The vuvuzela ban had some unintended consequences

By Ayse Baybars

There was an odd mix of sounds currently invading my common room two nights ago. Amidst the usual Saturday night clamor of drunken singing and shouting, there was a new addition to the cacophony. The victorious and glorious Harvard-Yale night brought with its jubilation the vuvuzela to Cantabrigian streets.

The Athletics Department banned the use of not only vuvuzelas, but also artificial noisemakers as a whole at the Game. Beside the fact that banning all artificial noisemakers seems a little excessive—vuvuzelas do indeed result in auditory harm, but there are surely noisemakers that are not of the same danger level—as predicted, both Harvardians and Yalies alike resorted to expressing school spirit via vuvuzelas in other, less appropriate, places.

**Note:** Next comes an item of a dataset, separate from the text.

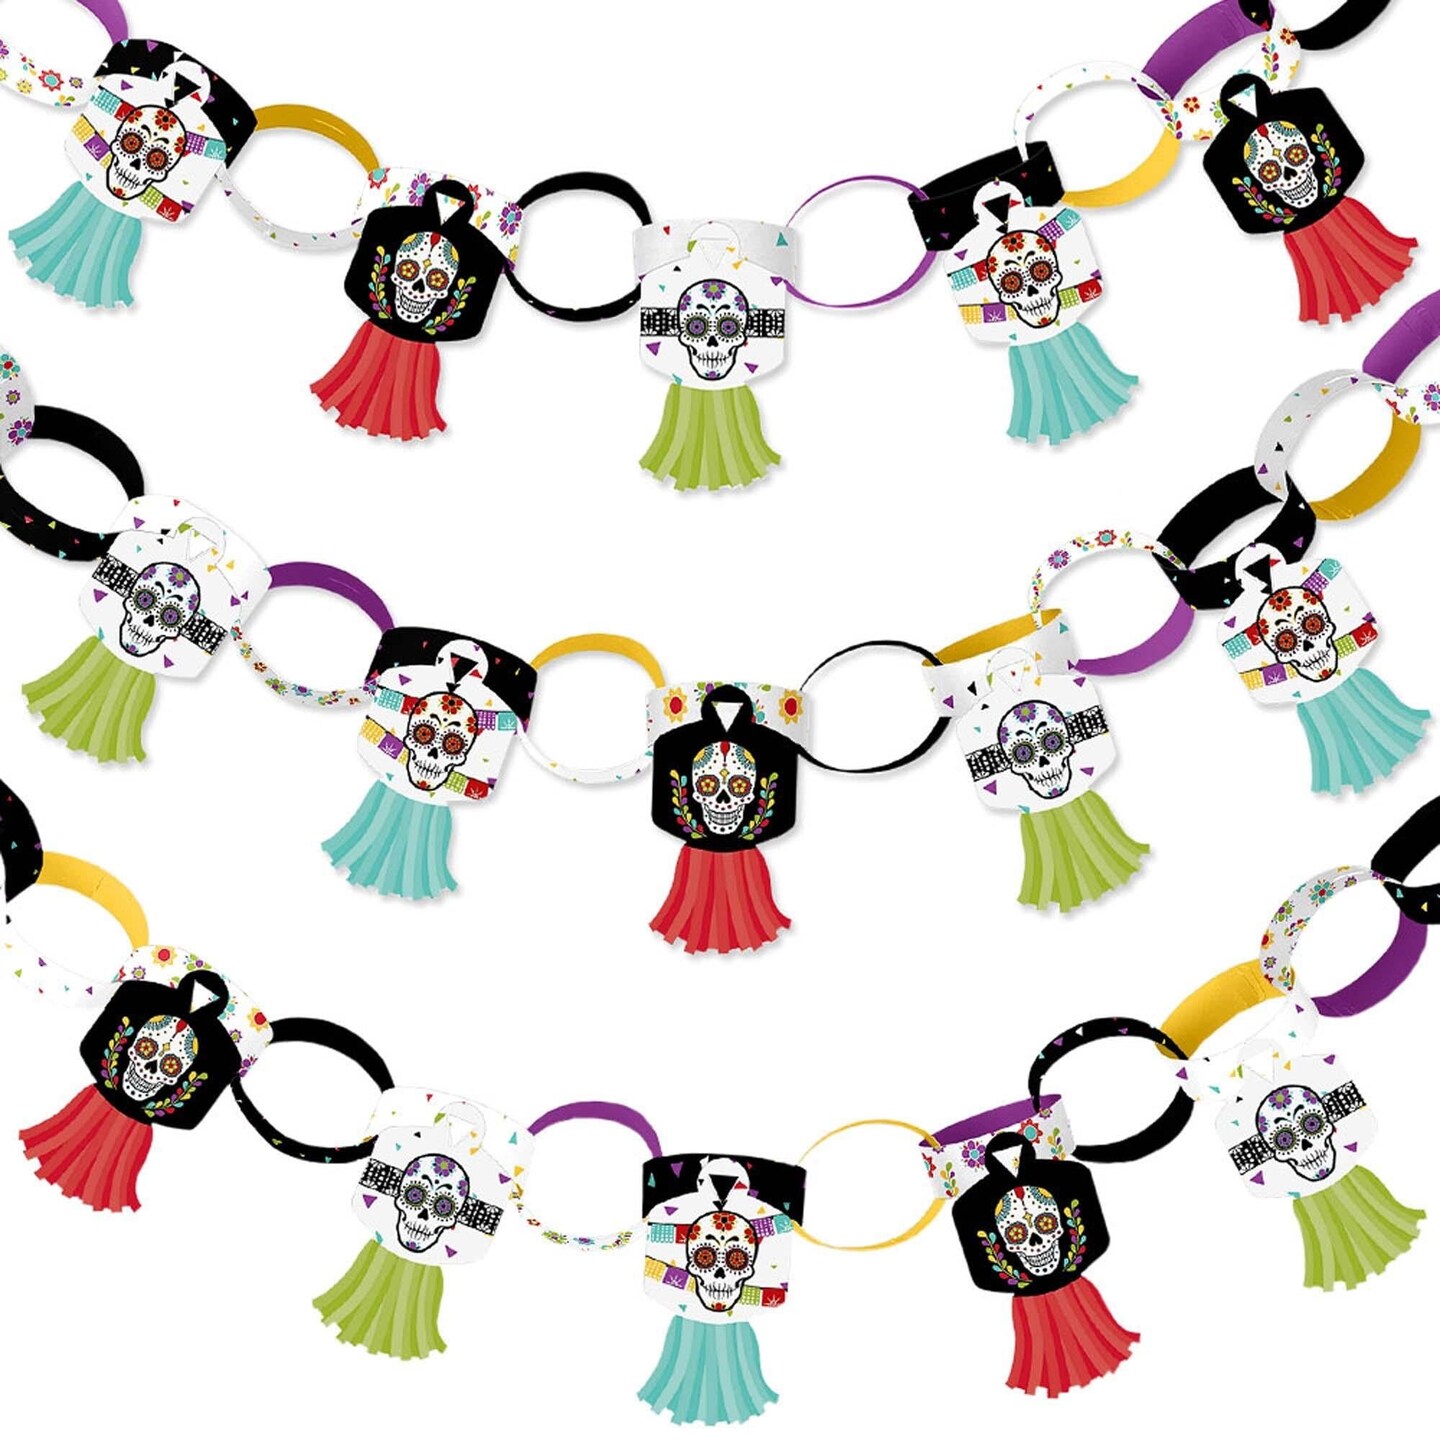 Big Dot of Happiness Day of the Dead - 90 Chain Links and 30 Paper Tassels Decoration Kit - Sugar Skull Party Paper Chains Garland - 21 feet

For example, one of the egregious alternative uses for the vuvuzelas was to augment the conviviality of the merry wanderers of the night. Personally, this was more disruptive than what I imagine would have been the case were the thousands in attendance at the Game to have wielded artificial noisemakers. (I blame the College for this cacophanous interruption of my Saturday night, as I was only forced into working on my assignments due on Monday because, unlike those lazy Yalies, we have class this week.)

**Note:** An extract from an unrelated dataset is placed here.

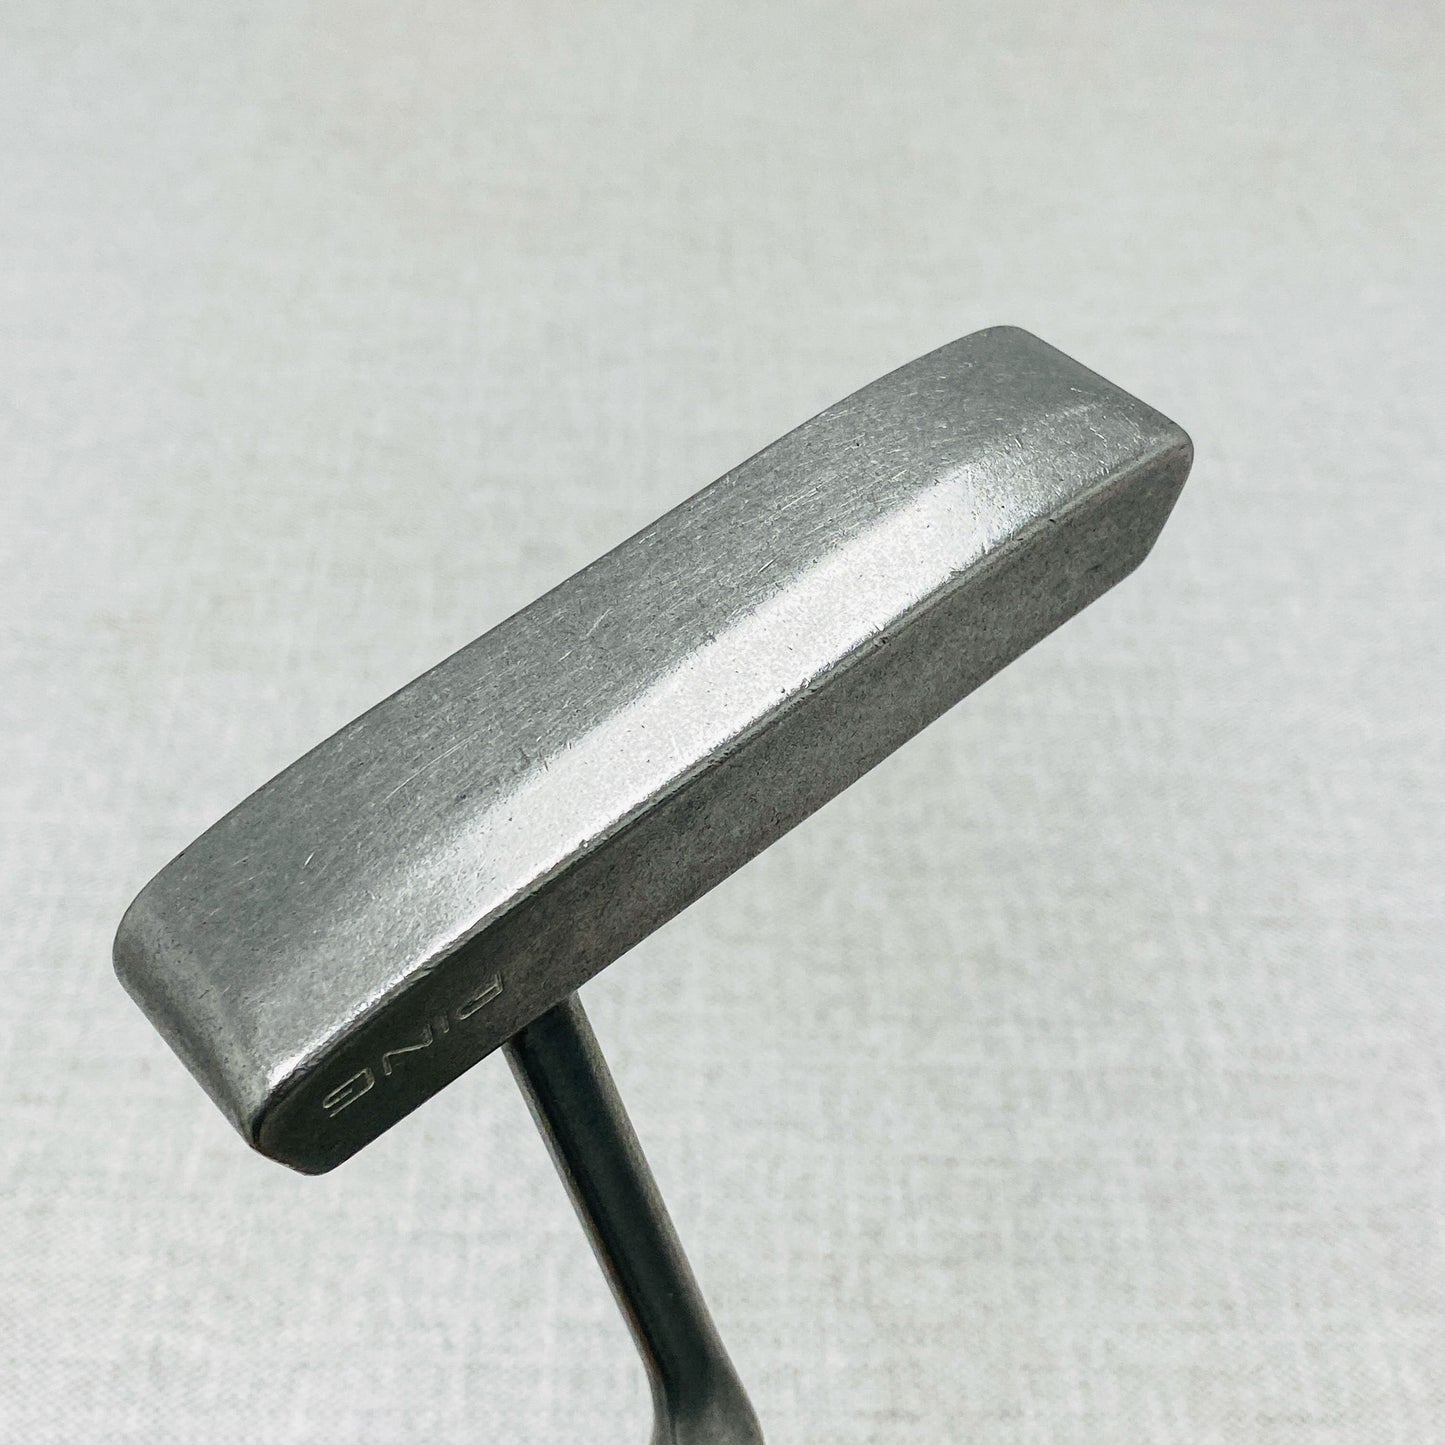 PING Pal 5KS Stainless Putter. 36 inch - Very Good Condition # T1014

The bigger issue, however, is what occurred during the game. Sadly, unlike Las Vegas, what happens at the game does not always stay at the game. My voice, like Mr. Darcy’s good opinion, once lost is lost forever—or at least, for many more hours than I can exist in a state of wakefulness without speaking effectively. Although this may reveal a personality flaw—my inability to remain silent—the state of my pharyngitis is rather upsetting. Why, you ask, is my throat in such a disparaging state of soreness? The culprits are my school spirit and this wretched vuvuzela ban.

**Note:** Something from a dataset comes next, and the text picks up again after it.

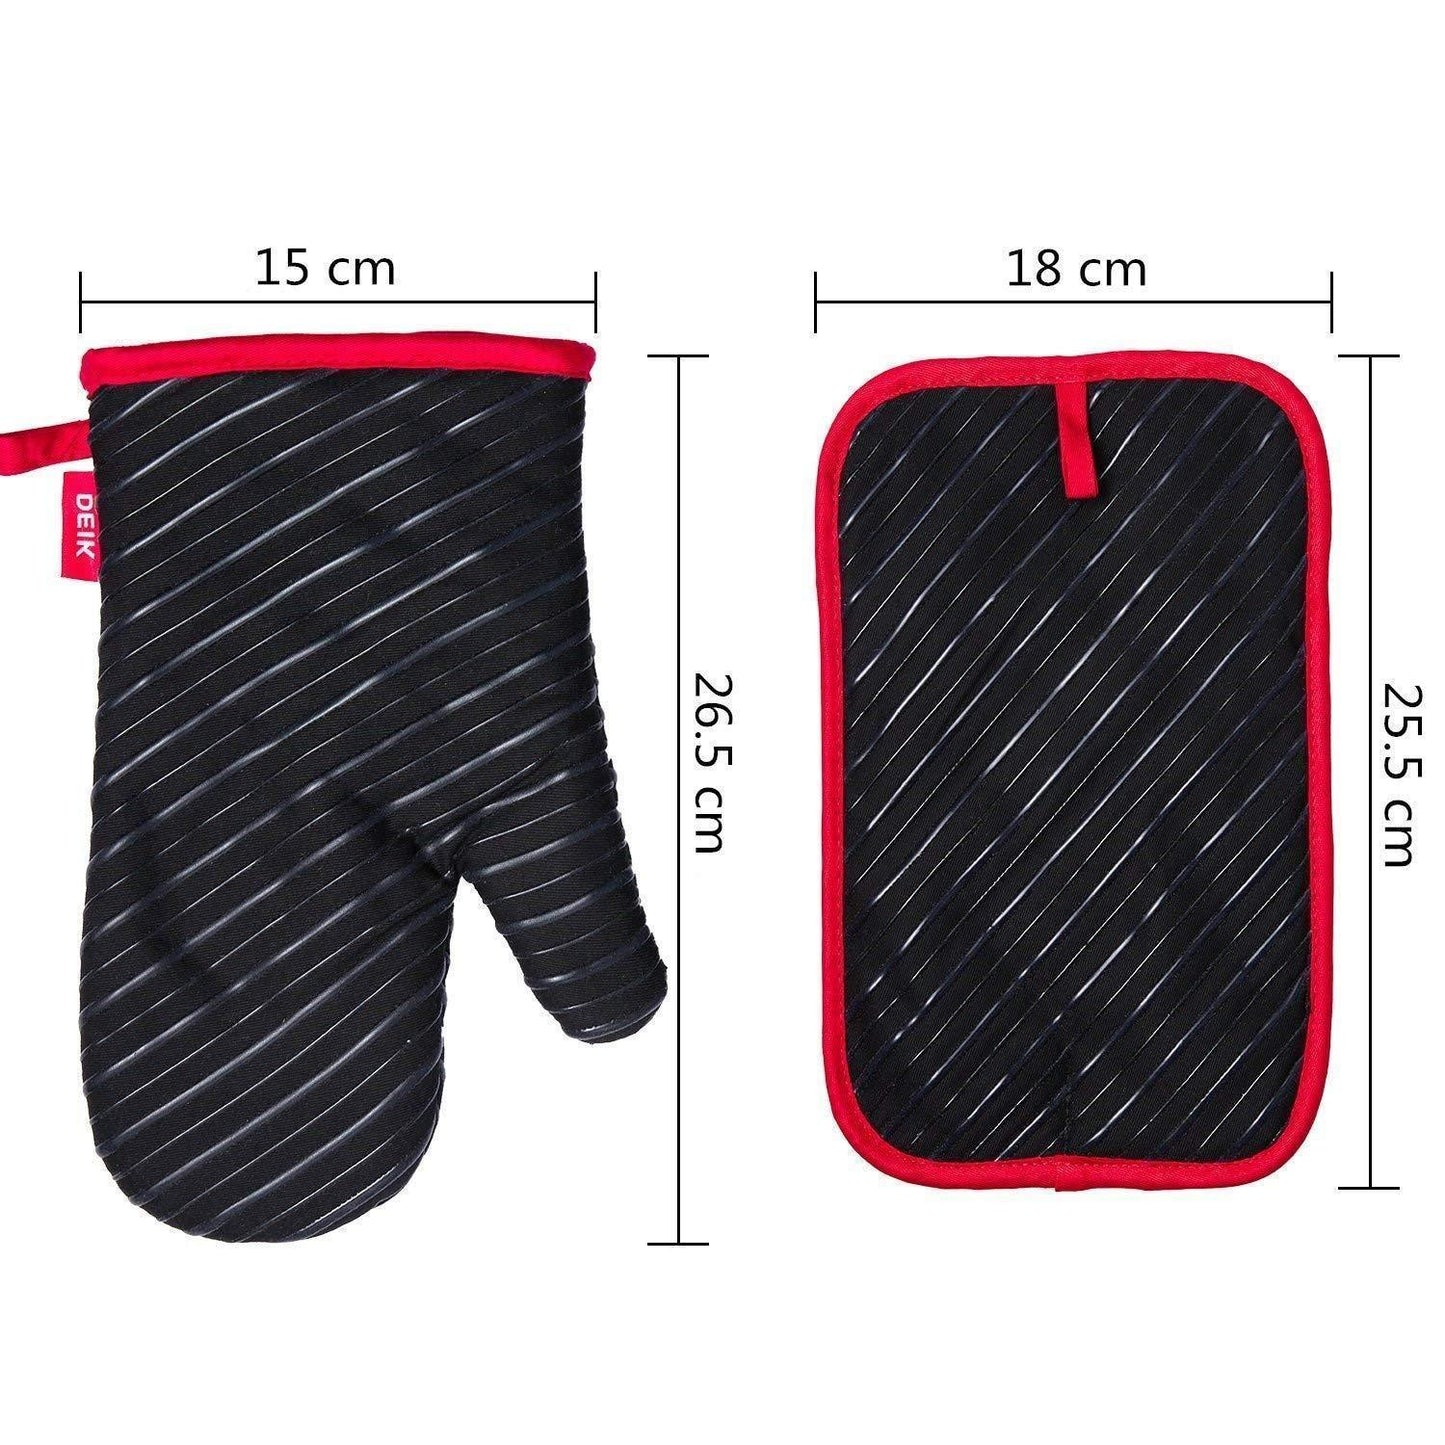 Featured deik oven mitts and potholders 4 piece sets for kitchen counter safe mats and advanced heat resistant oven mitt non slip textured grip pot holders nano technology

Harvard students are oft accused of lacking school spirit—many a Yalie has mentioned that though Yale may have lost the Game (for the fourth year in a row, might I add), Yalies have greater spirit. Although this is debatable, it nonetheless raises the issue of our school spirit and how we express it. Given any football game, fans are bound to cheer on their team. Obviously, this involves much screaming, yelling, and maybe even shrieking, along with the usual array of clapping and stomping. We might also refer to these actions as noise-making. Harvardians at the Harvard-Yale game are no different! Thus, I found myself at the stadium screaming my lungs out, desperate to do what I could to cheer on the Crimson and fulfill my arduous—and maybe unexplainable—need to convey my school spirit, only to ultimately relinquish my vocal abilities at the end of the fourth quarter after spending most of the third noting the tell-tale scratchiness that had begun to creep in.

If only I had had the option of bringing along a noisemaker, then perhaps I would not now be imbibing copious amounts of tea to soothe my sore throat or attempting to speak despite a very raspy voice. Although I could try to appreciate the symbolism of my pharyngitis—it is, after all, a constant reminder of our victory over Yale—it is mostly a debilitating and painful state, and one, I believe, that would have been avoidable had I had the choice of bringing an artificial noisemaker to The Game. Instead, I had to resort to a natural noisemaker, thanks to the Athletics Department’s ban.

Permit me, then, to say to the Athletics Department: I bleed crimson in every way possible, but it would have been nice to do so while both retaining my voice and trying not to cage my school spirit.

Ayse Baybars ’12, an inactive Crimson editorial writer, is a Chemistry concentrator in Lowell House.